[MATERIAL SHOWN]:

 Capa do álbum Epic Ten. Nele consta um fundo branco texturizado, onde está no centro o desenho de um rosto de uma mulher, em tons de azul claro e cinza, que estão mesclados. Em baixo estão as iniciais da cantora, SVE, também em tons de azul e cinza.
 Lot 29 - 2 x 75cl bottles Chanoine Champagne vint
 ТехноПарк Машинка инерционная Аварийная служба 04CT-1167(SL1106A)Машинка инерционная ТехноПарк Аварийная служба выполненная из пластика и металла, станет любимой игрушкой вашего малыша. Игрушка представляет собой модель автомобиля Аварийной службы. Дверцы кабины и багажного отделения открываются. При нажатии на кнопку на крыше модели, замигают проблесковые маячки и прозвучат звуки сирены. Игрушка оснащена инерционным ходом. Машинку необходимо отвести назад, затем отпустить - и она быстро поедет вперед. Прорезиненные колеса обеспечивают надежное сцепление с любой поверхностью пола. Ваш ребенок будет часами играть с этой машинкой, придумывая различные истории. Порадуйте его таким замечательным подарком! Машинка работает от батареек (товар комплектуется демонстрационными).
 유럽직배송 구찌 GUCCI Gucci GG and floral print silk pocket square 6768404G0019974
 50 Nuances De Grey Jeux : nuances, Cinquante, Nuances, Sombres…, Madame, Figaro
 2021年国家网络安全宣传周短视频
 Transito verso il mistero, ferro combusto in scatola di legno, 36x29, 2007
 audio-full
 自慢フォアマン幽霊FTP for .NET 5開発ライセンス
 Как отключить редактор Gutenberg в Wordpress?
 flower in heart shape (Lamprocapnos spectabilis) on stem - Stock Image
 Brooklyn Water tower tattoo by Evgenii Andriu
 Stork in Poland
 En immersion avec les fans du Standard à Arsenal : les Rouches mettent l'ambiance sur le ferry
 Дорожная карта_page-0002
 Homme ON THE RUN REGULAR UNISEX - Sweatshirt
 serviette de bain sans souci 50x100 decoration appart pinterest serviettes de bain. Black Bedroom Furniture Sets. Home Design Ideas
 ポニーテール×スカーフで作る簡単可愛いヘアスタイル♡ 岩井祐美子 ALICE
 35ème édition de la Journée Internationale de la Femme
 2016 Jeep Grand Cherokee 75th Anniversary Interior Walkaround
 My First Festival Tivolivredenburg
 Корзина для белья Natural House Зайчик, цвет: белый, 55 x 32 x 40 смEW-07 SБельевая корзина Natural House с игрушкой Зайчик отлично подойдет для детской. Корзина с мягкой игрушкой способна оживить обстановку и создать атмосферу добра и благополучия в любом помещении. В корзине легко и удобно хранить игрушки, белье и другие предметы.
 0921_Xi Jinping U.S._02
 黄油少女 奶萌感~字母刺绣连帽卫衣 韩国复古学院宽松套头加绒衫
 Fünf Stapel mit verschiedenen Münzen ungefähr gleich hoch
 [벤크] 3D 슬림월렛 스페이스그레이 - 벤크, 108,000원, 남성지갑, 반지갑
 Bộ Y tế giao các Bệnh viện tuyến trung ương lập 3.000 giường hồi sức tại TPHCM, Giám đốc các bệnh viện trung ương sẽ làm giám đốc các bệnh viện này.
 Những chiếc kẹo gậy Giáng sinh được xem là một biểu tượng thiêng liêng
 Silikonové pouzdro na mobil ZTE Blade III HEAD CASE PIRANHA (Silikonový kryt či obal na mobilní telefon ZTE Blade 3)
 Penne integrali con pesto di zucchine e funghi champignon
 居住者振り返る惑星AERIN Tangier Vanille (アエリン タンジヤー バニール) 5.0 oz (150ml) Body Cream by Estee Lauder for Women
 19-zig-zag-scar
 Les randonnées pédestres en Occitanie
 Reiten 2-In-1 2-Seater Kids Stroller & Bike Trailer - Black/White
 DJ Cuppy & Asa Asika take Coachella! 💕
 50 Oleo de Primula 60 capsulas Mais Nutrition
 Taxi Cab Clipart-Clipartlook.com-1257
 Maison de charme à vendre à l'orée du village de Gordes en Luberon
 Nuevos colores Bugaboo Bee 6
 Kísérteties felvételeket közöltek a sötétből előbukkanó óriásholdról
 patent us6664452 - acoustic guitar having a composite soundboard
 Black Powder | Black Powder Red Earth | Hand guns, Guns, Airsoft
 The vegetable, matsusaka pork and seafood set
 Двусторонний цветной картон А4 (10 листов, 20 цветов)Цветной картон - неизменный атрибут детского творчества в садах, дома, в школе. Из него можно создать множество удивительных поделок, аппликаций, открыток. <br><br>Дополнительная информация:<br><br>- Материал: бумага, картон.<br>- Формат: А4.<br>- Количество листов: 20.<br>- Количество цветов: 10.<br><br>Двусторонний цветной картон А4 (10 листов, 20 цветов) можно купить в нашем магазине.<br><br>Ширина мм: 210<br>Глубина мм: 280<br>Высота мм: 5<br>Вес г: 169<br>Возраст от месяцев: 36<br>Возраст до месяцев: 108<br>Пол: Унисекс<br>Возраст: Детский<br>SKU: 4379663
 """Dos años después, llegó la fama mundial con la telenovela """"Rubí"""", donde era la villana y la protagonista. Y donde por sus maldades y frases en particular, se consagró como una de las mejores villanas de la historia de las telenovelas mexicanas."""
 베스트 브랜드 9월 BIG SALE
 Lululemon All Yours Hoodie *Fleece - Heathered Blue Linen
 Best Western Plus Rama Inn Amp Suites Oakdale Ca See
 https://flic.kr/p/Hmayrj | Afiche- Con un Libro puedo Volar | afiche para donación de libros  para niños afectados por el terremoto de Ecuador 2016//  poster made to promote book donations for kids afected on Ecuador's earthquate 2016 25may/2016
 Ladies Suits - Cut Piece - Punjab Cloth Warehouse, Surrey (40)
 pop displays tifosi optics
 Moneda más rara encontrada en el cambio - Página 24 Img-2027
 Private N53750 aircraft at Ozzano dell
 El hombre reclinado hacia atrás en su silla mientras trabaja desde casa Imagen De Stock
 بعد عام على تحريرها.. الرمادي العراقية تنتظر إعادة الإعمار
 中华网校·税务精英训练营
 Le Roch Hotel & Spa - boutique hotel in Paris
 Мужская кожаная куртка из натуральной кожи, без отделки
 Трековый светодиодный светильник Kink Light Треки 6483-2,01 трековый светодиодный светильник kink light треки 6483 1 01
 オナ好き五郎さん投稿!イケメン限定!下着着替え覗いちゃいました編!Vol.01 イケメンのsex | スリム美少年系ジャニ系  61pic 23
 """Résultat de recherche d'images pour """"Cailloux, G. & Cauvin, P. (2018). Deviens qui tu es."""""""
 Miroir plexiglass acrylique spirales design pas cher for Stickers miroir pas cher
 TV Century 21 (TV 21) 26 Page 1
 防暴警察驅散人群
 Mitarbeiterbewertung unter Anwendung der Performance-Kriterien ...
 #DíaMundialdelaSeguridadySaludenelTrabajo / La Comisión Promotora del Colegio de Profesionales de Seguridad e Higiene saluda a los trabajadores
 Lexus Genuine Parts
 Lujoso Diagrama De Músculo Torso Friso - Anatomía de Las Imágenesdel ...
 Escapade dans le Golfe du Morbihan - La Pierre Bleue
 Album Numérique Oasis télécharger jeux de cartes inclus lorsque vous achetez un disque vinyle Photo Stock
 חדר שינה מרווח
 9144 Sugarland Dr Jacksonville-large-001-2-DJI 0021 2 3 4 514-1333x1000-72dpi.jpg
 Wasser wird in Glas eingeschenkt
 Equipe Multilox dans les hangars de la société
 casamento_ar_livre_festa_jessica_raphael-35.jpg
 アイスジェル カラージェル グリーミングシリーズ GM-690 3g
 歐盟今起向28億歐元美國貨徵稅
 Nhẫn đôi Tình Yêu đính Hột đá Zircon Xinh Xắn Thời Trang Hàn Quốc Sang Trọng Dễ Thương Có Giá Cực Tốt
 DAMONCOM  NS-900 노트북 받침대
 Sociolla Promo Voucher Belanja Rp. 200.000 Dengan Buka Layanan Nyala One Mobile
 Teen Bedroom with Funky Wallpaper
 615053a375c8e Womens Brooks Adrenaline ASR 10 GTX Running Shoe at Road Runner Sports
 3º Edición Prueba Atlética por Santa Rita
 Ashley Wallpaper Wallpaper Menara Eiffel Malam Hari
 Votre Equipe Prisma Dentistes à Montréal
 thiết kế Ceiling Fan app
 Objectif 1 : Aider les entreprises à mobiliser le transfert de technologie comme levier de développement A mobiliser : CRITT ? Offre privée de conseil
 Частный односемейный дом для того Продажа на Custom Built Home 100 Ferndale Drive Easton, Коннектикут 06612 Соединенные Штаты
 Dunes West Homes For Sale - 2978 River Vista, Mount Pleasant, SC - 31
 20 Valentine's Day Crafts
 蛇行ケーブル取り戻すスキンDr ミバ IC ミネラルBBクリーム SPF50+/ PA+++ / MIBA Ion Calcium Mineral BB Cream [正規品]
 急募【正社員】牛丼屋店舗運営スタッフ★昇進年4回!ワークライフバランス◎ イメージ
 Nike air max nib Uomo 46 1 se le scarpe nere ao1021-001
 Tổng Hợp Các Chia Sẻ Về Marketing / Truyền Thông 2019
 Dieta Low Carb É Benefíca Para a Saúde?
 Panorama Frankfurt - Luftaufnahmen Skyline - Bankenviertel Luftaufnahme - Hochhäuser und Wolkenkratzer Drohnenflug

[PROBLEM]:
Write out exactly the lines between the start of the entries and the line containing "Lot 29 - 2 x", including that line and the first one.

[TASK ANSWER]:
 Capa do álbum Epic Ten. Nele consta um fundo branco texturizado, onde está no centro o desenho de um rosto de uma mulher, em tons de azul claro e cinza, que estão mesclados. Em baixo estão as iniciais da cantora, SVE, também em tons de azul e cinza.
 Lot 29 - 2 x 75cl bottles Chanoine Champagne vint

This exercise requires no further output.